* Exercise objective: Copy the data exactly. Images are the one exception.

* Data below:
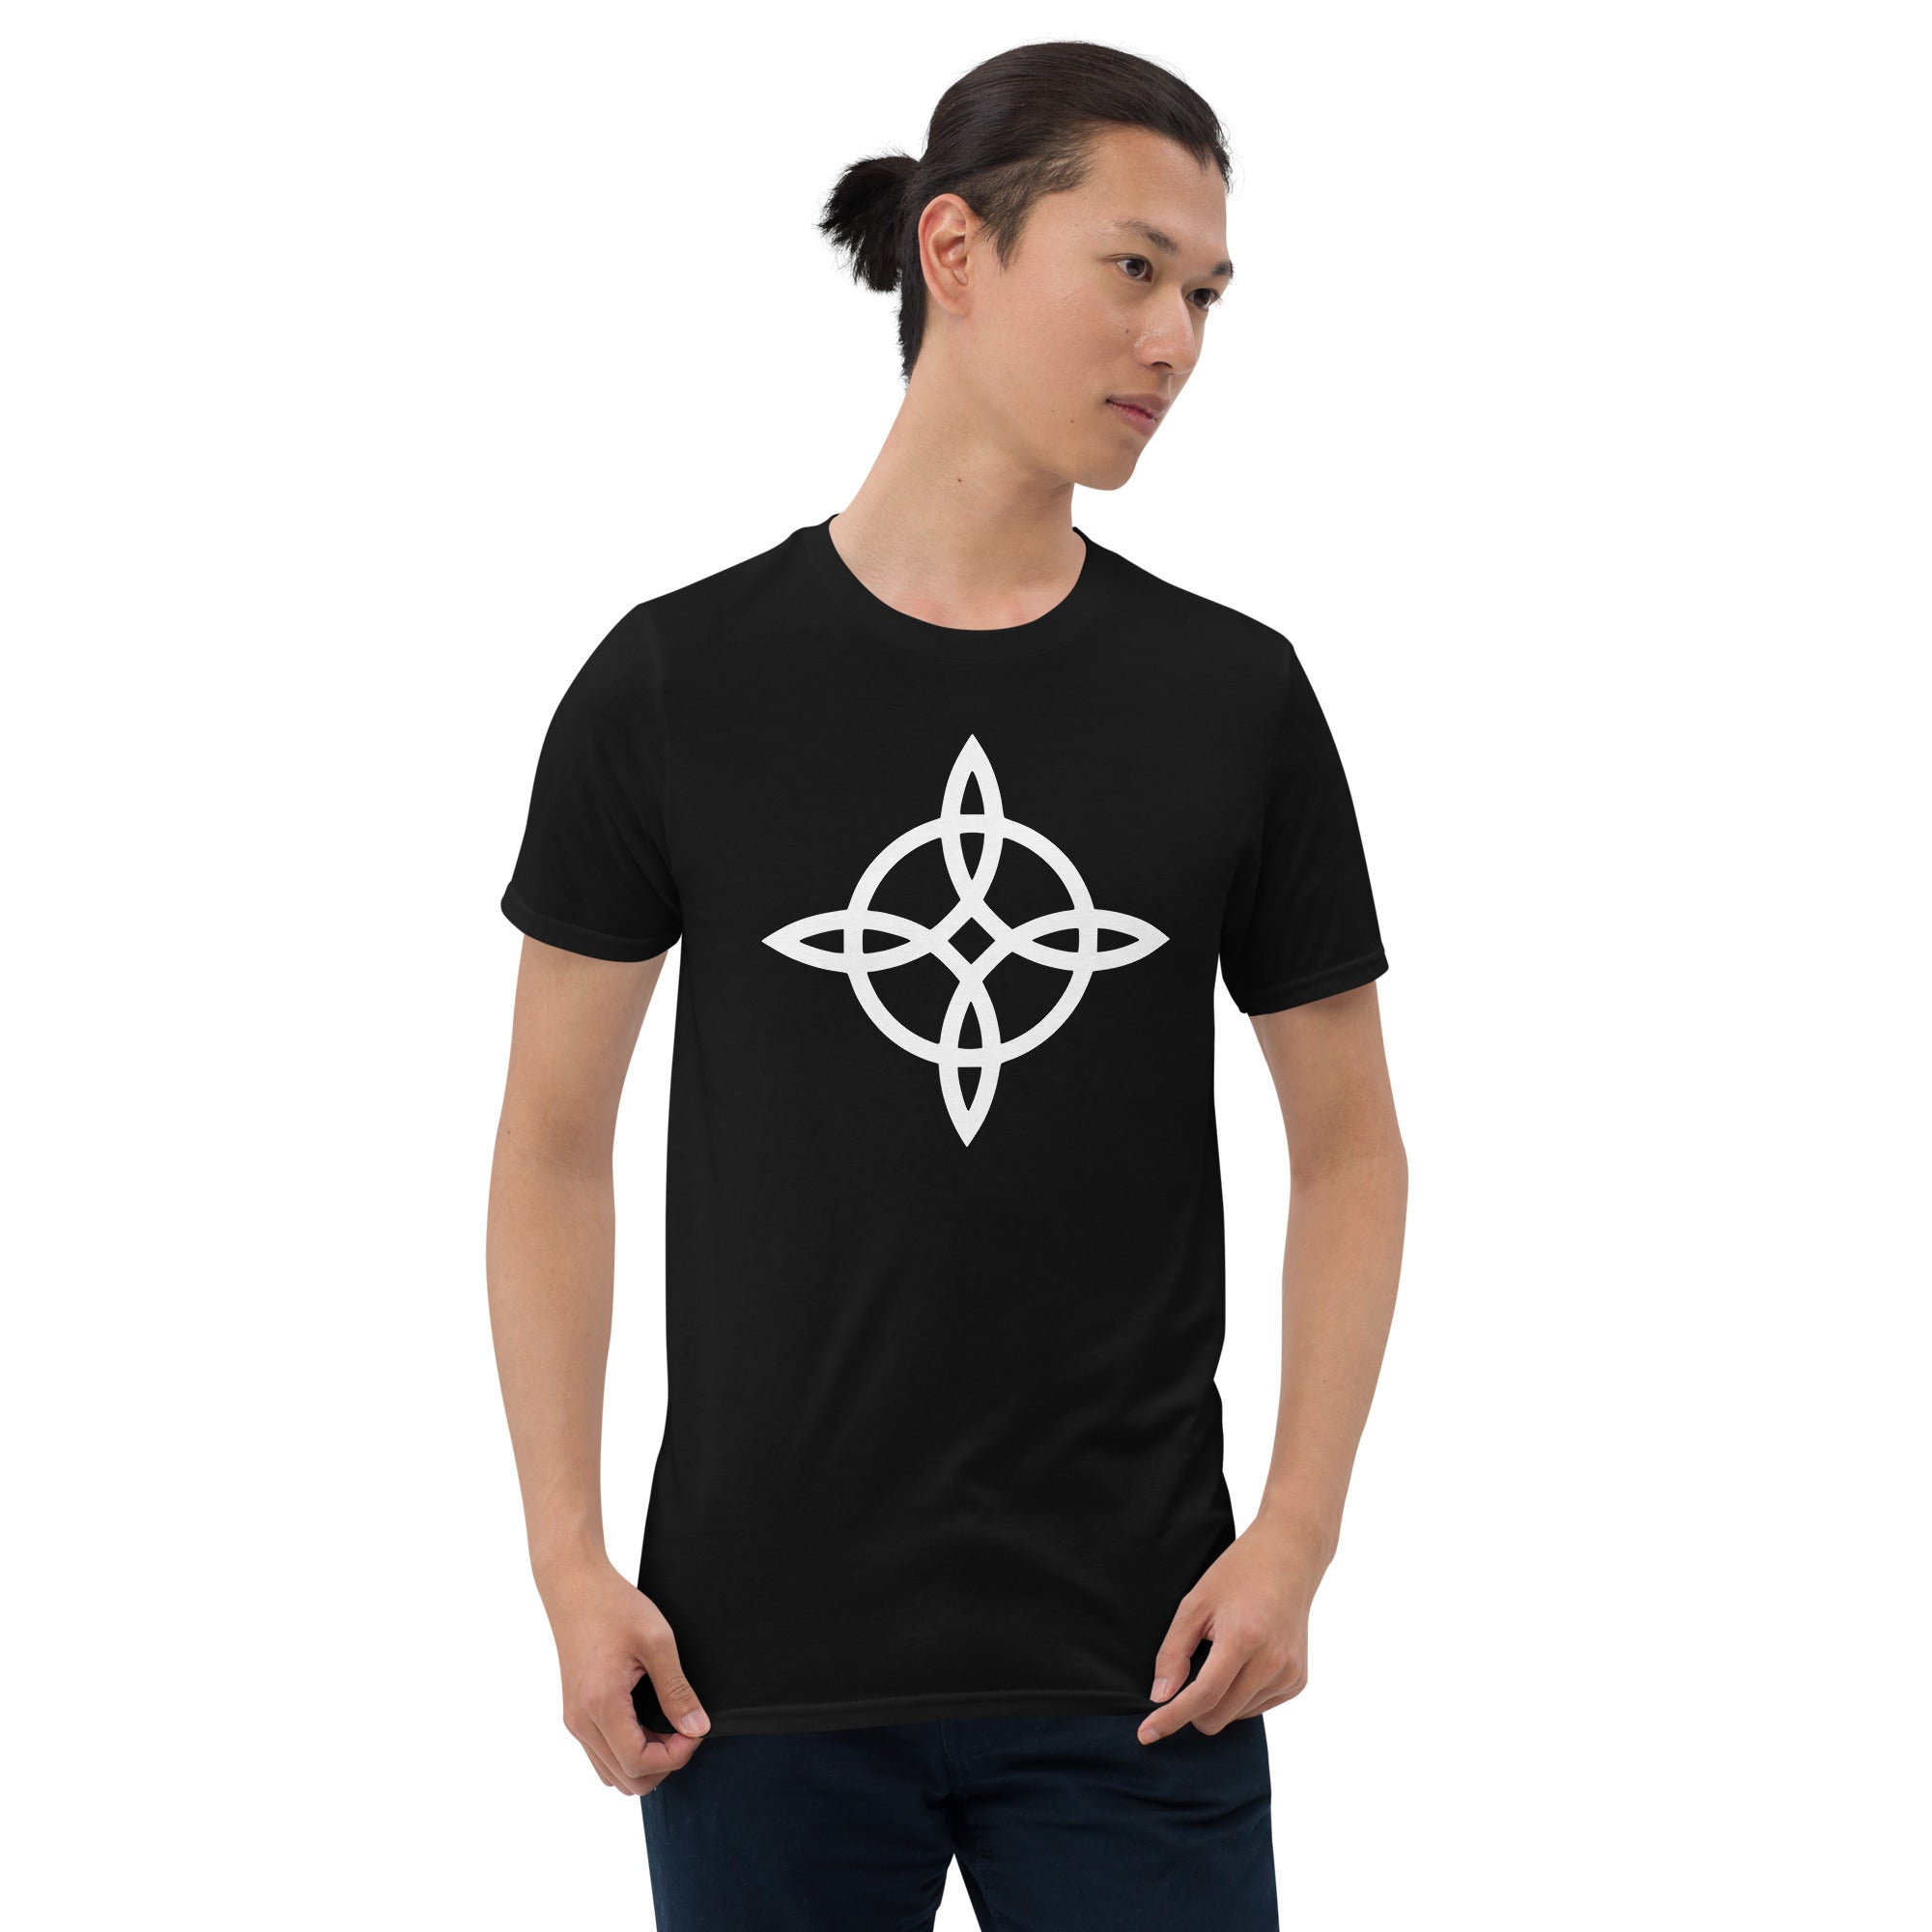 The Witches Knot Witchcraft Protection Symbol Short-Sleeve T-Shirt
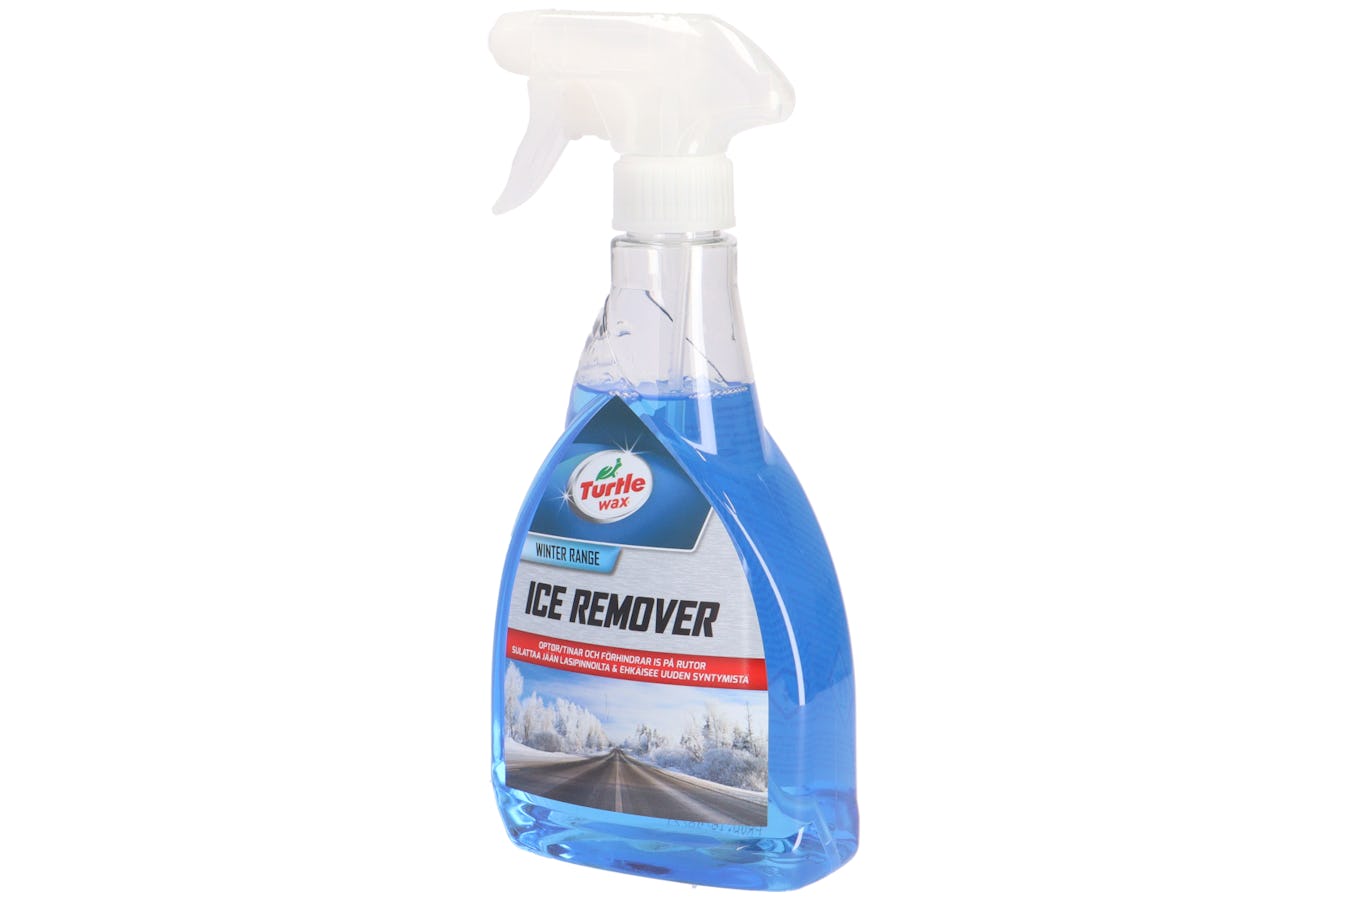 Ice remover
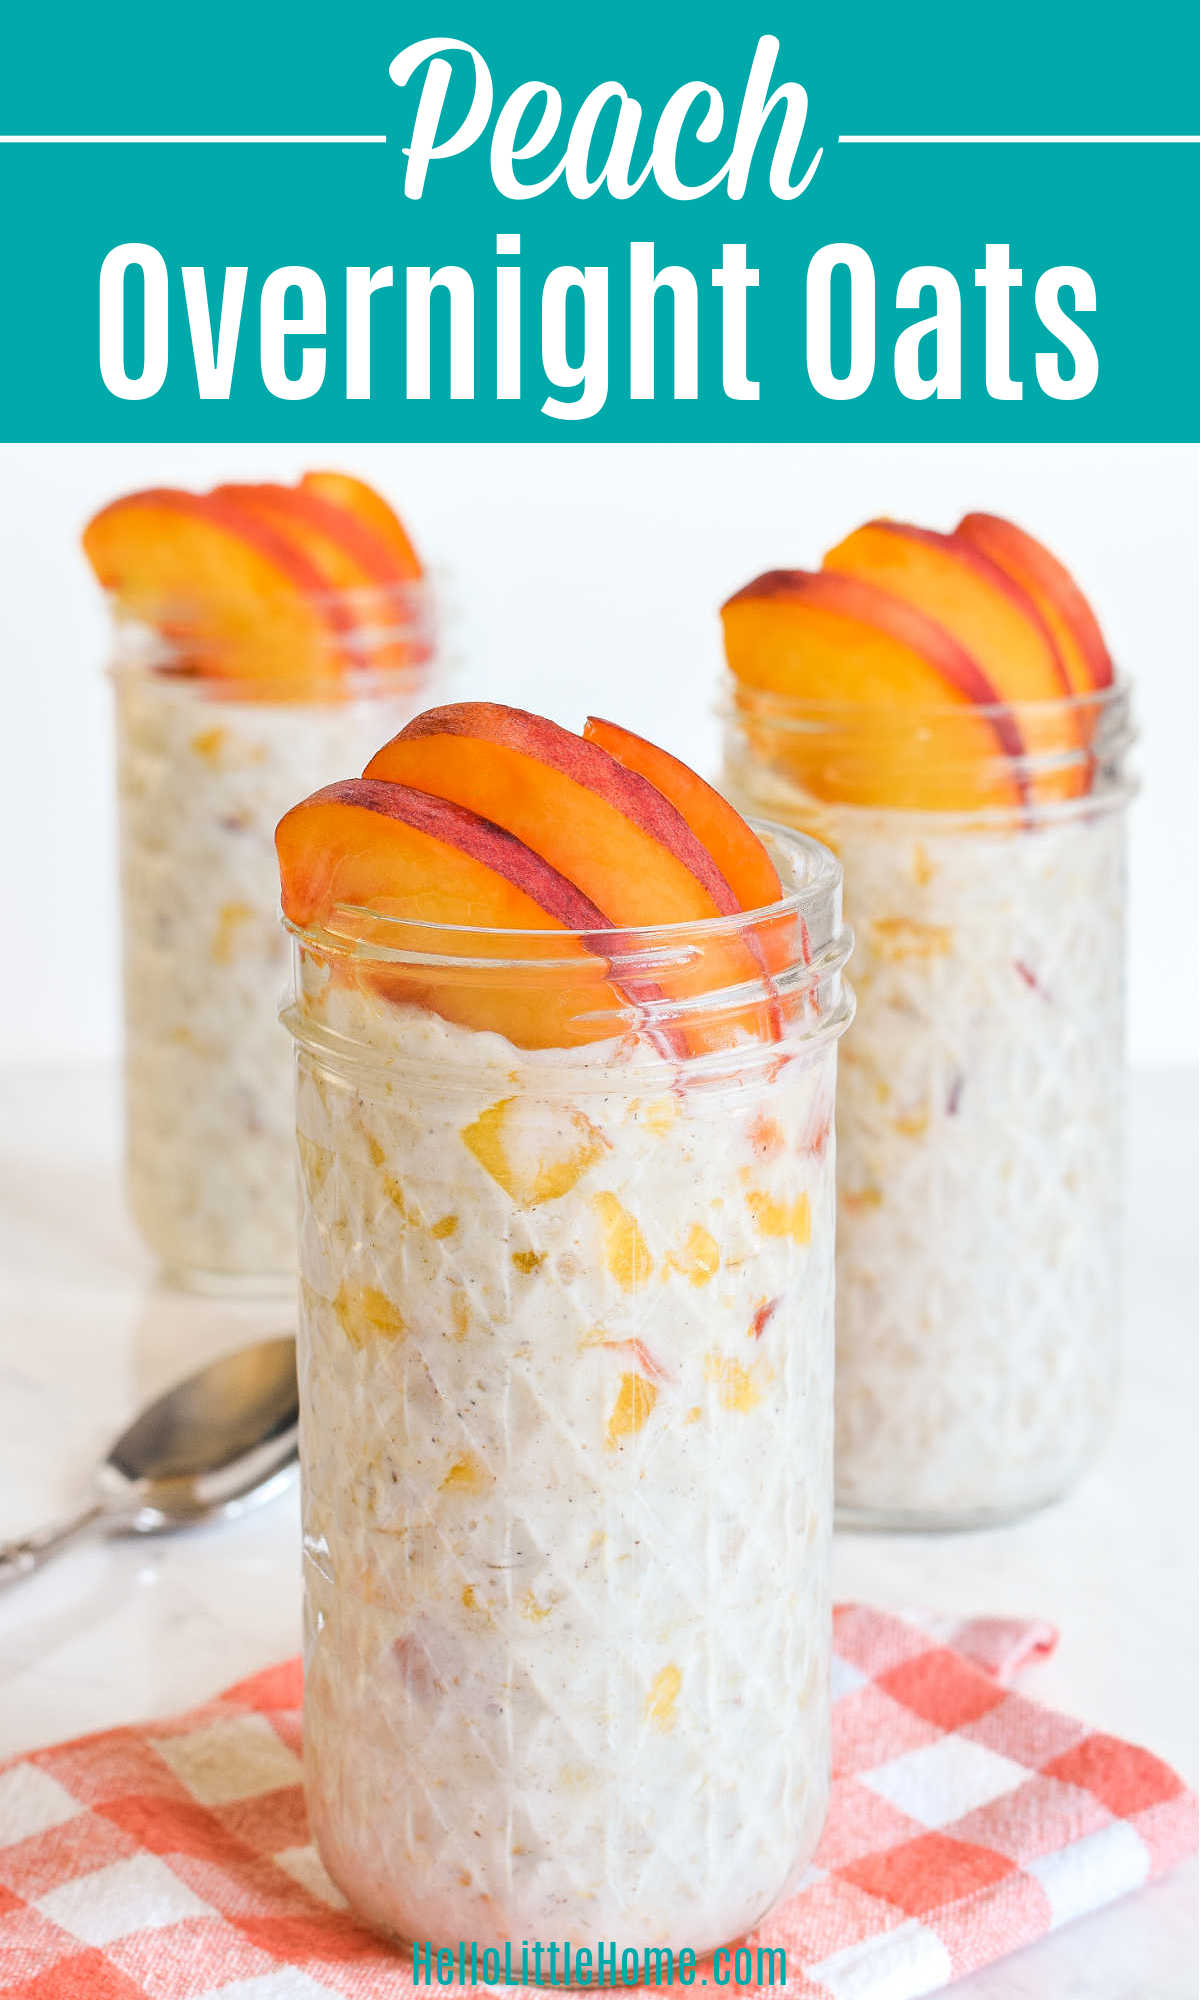 Three jars of Peach Overnight Oats and a checked napkin on a marble counter.

* Response to the task:
 The Witches Knot Witchcraft Protection Symbol Short-Sleeve T-Shirt
 Ice remover
 Three jars of Peach Overnight Oats and a checked napkin on a marble counter.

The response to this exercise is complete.